He remembers the meetings with Papandreou vividly, five times alone in the Prime Minister's home at Kastri, once at the home of a Papandreou intimate, Michalis Ziangas. At the first meeting in early 1986, Koskotas recalls, the Prime Minister had a proposal: Koskotas should start a daily newspaper to provide positive coverage of the Papandreou family. Koskotas later put up the money, and the first issue of the paper, called 24 Hours, appeared in February 1988.
The Prime Minister always seemed to possess inside information. Papandreou, says the banker, taps the home and business telephones of such rivals as the head of the political opposition, New Democracy's Constantine Mitsotakis, and unfriendly publishers. "I know all their plans," he proudly told Koskotas.
Papandreou came to assume that Grammi's national magazines and newspapers really served him. Certain Papandreou favorites were hired as editors.

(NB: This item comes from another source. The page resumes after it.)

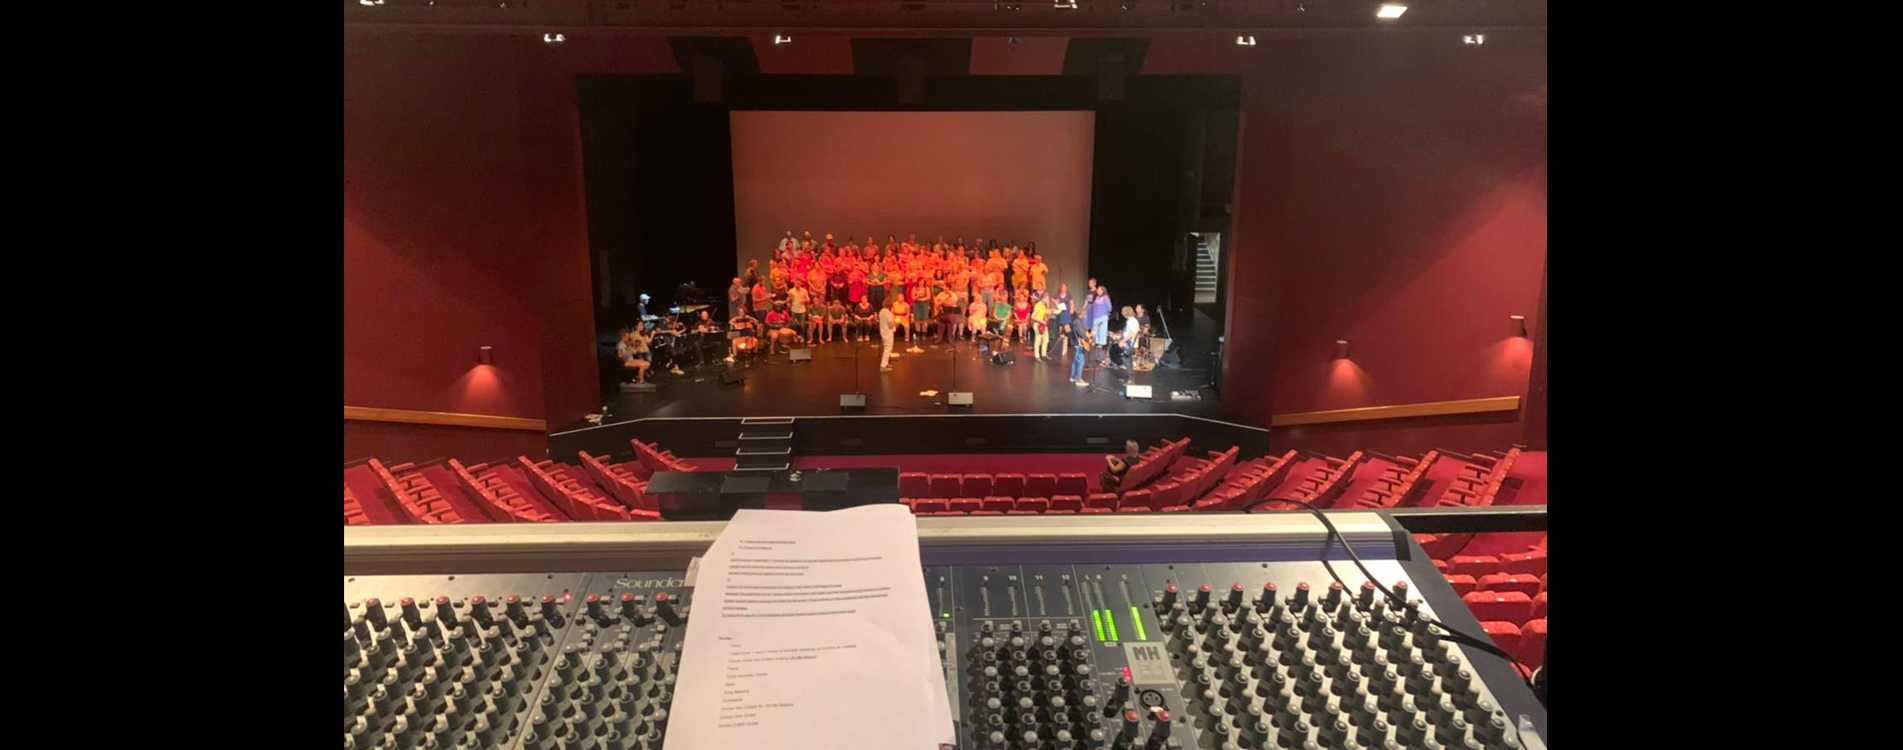 Live Mixing Alice Sings Community Choir Left Of Elephant Sound

Says Koskotas: "All our editors were instructed never to criticize the Prime Minister personally, not even a single cartoon." Papandreou urged Koskotas to neutralize hostile newspapers by buying them up gradually. At their second meeting in early 1987, Papandreou pressed Koskotas to buy Kathimerini, the country's most respected paper; he did, using Bank of Crete funds.
Another time Papandreou had an unexpected idea: Koskotas should purchase the Olympiakos football team. Papandreou, according to Koskotas, wanted the banker to build up the team, so that just before the 1989 election the government would agree to build Olympiakos a new stadium, an announcement certain to be highly popular. Koskotas laid out 4 billion drachmas for the plan.

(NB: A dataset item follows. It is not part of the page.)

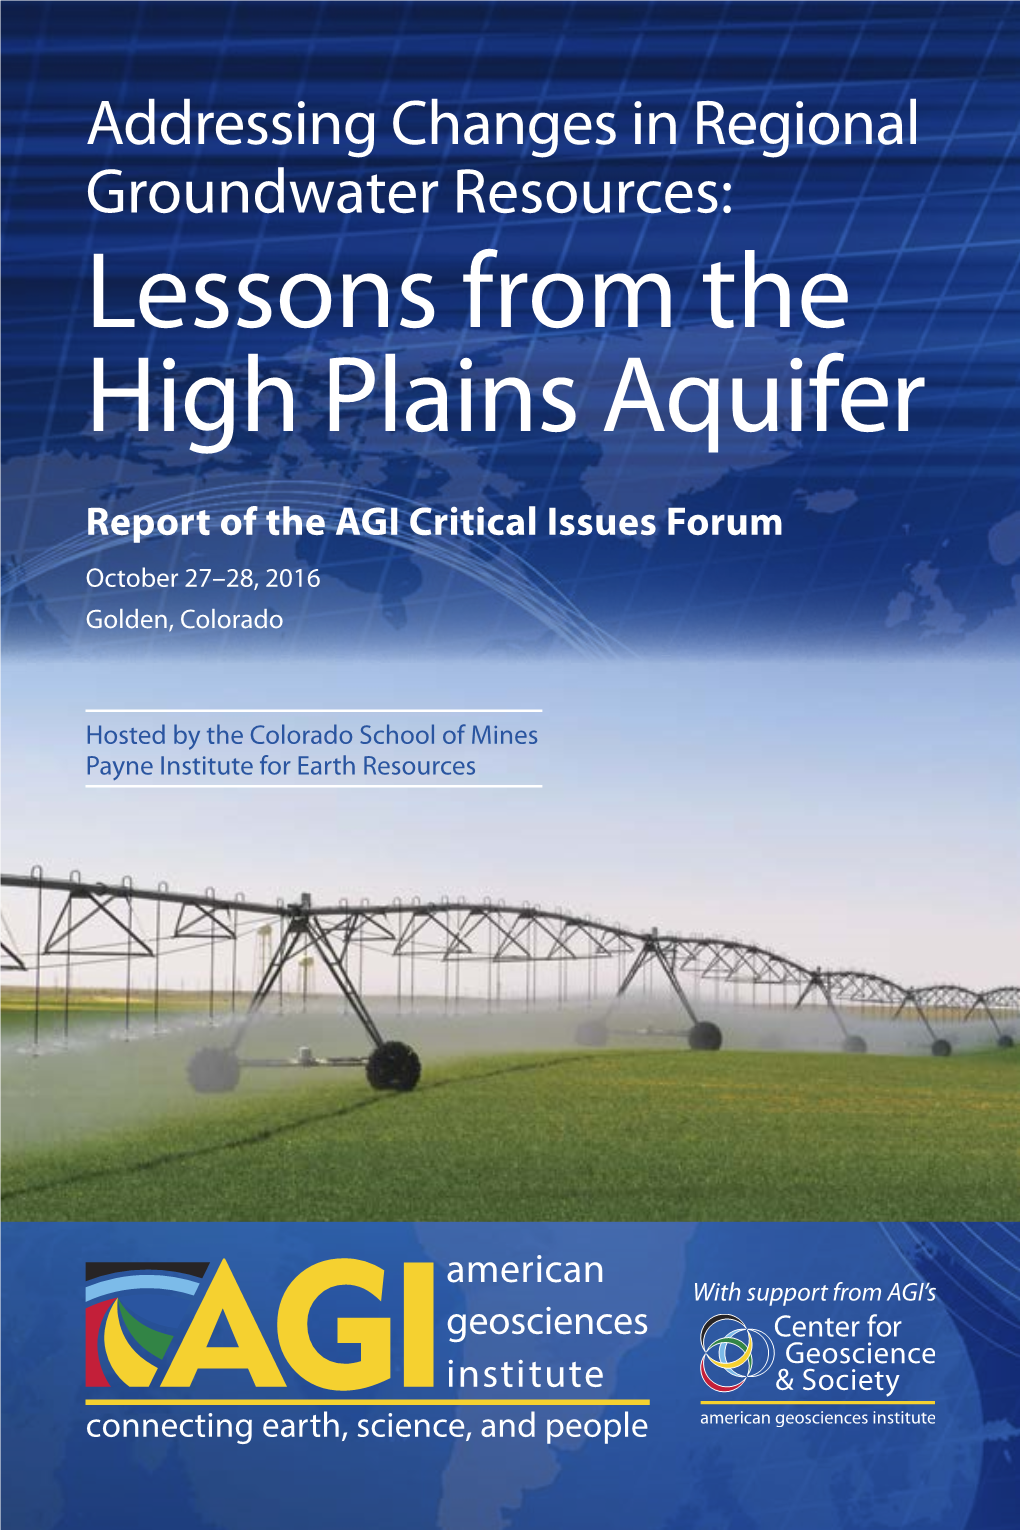 Lessons from the High Plains Aquifer

Koskotas' first ambition, he says, was to enlarge the Bank of Crete. Private banks routinely had to wait at least a year for authorization to open a single branch. But the Bank of Crete opened about 50 branches in four years, and licenses were granted for an additional 20. Sure of his political shield, Koskotas was unafraid to violate banking laws and withdraw huge sums of cash at will. If Koskotas worried aloud about audits, Papandreou was always reassuring. "So long as I am here," Koskotas says Papandreou told him, "you never have to worry."
Koskotas said little of his early years, but he was a young man drawn to risk. Born in 1954 in Greece, he came to America with his parents in 1970. "George was very ambitious," says his wife Kathy, whom he married in 1973. "His mind was always working."
At New York University, that overactive mind seemed to be hunting for angles. Koskotas ordered a batch of N.Y.U. and Fordham University stationery from a printer. He said he wanted to send reprimanding letters to some student friends as a prank. The university believed he intended to create fake transcripts. He was arrested, fined $200 and asked to leave school.